President-elect
One week after Trump scored an upset victory that took him by surprise, his team was improvising the most basic traditions of assuming power. That included working without official State Department briefing materials in his first conversations with foreign leaders.
Two officials who had been handling national security for the transition, former Rep. Mike Rogers, R-Mich., and Matthew Freedman, a lobbyist who consults with corporations and foreign governments, were fired.
The dismissals followed the abrupt firing Friday of Gov. Chris Christie of New Jersey, who was replaced as chief of the transition by Vice President-elect Mike Pence. Kushner, a transition official said, was systematically dismissing people like Rogers who had ties with Christie. As a federal prosecutor, Christie had sent Kushner’s father to jail.

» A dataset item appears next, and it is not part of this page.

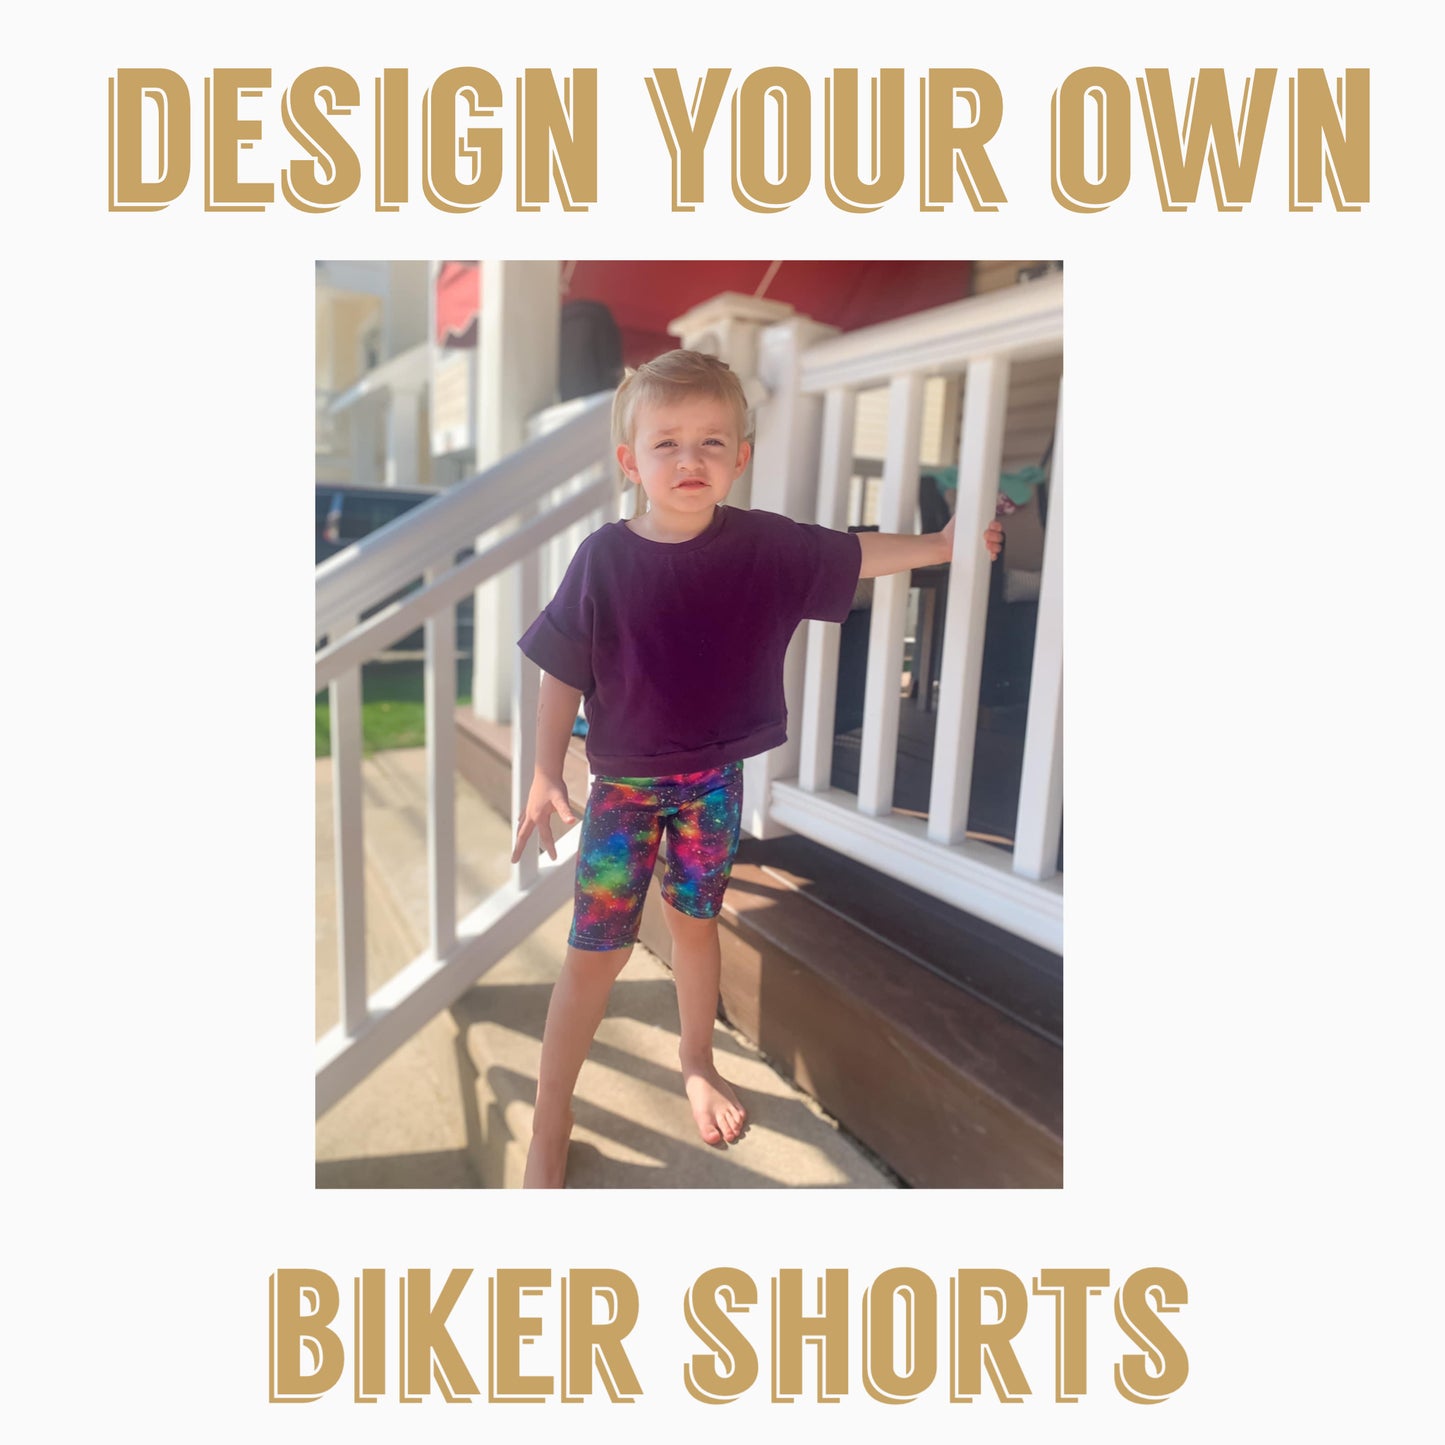 Design your own| biker shorts

Prominent U.S. allies were in the meantime scrambling to figure out how and when to contact Trump. At times they have been patched through to him in his luxury office tower with little warning, according to a Western diplomat who spoke on the condition of anonymity to detail private conversations.
President Abdel-Fattah el-Sissi of Egypt was the first to reach Trump for such a call last Wednesday, followed by Prime Minister Benjamin Netanyahu of Israel not long afterward. But that was about 24 hours before Prime Minister Theresa May of Britain got through — a striking break from diplomatic practice given the close alliance between the United States and Britain.

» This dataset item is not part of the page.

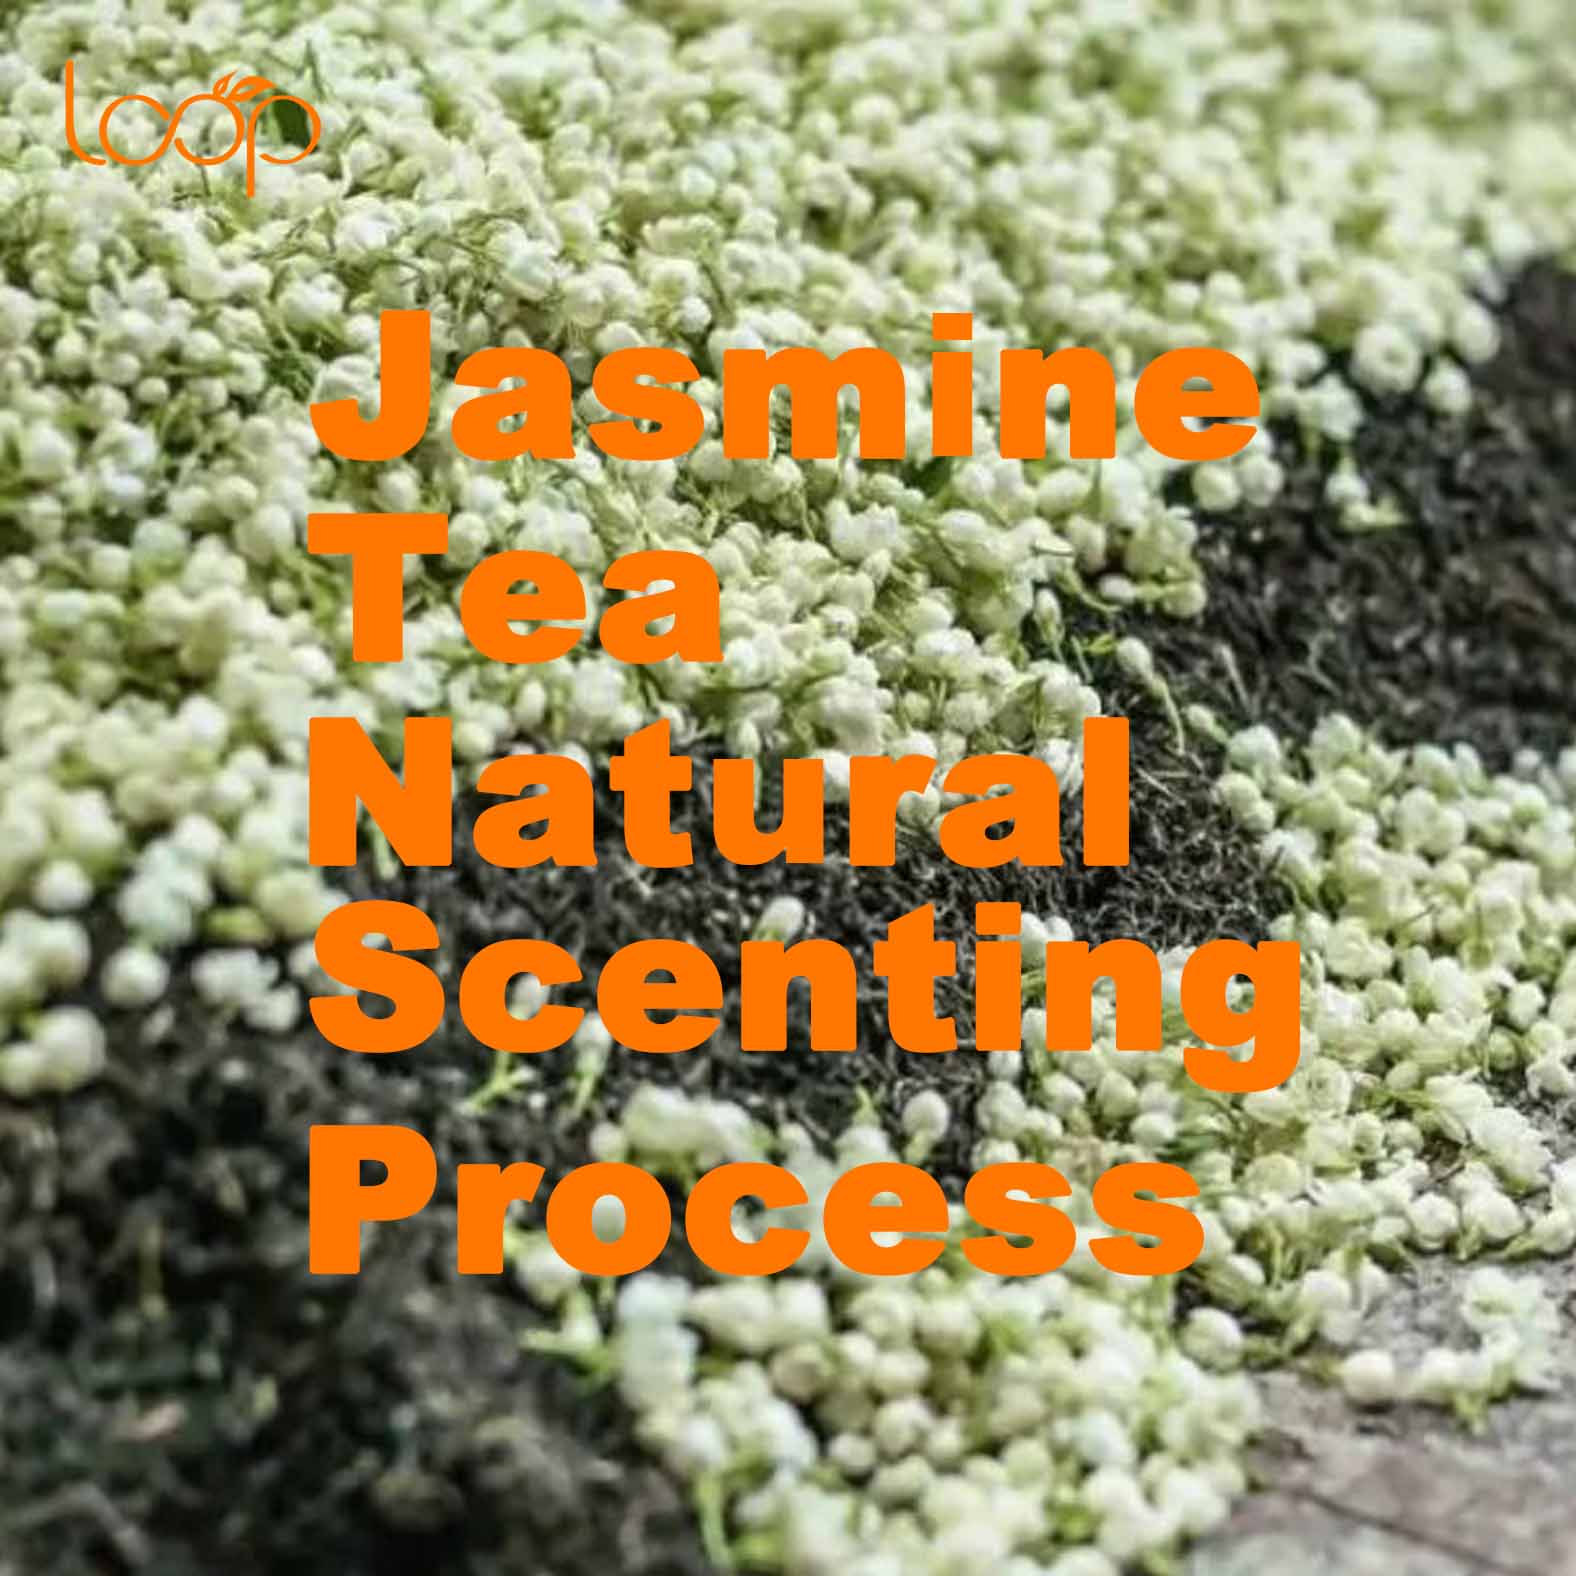 Jasmine Tea Natural Scenting Process

Despite the haphazard nature of Trump’s early calls with world leaders, his advisers said the transition team was not suffering unusual setbacks. They argued that they were hard at work behind the scenes dealing with the same troubles that incoming presidents have faced for decades.
And Trump himself fired back at critics with a Twitter message he sent about 10 p.m.
“Very organized process taking place as I decide on Cabinet and many other positions,” he wrote. “I am the only one who knows who the finalists are!”
The process is “completely normal,” said Rudy Giuliani, the former New York mayor, who emerged Tuesday as the leading contender to be Trump’s secretary of state. “It happened in the Reagan transition. Clinton had delays in hiring people.”
Giuliani, who made his comments in a telephone interview, added: “This is a hard thing to do. Transitions always have glitches. This is an enormously complex process.”
There were some reports within the transition of score-settling.
One member of the transition team said that at least one reason Rogers had fallen out of favor among Trump’s advisers was that as chairman of the House intelligence committee, he had overseen a report about the 2012 attacks on the U.S. diplomatic compound in Benghazi, Libya, which concluded that the Obama administration had not intentionally misled the public about the events there. That report echoed the findings of numerous other government investigations into the episode.
The report’s conclusions were at odds with the campaign position of Trump, who repeatedly blamed Hillary Clinton, his Democratic opponent and the secretary of state during the attacks, for the resulting deaths of four Americans.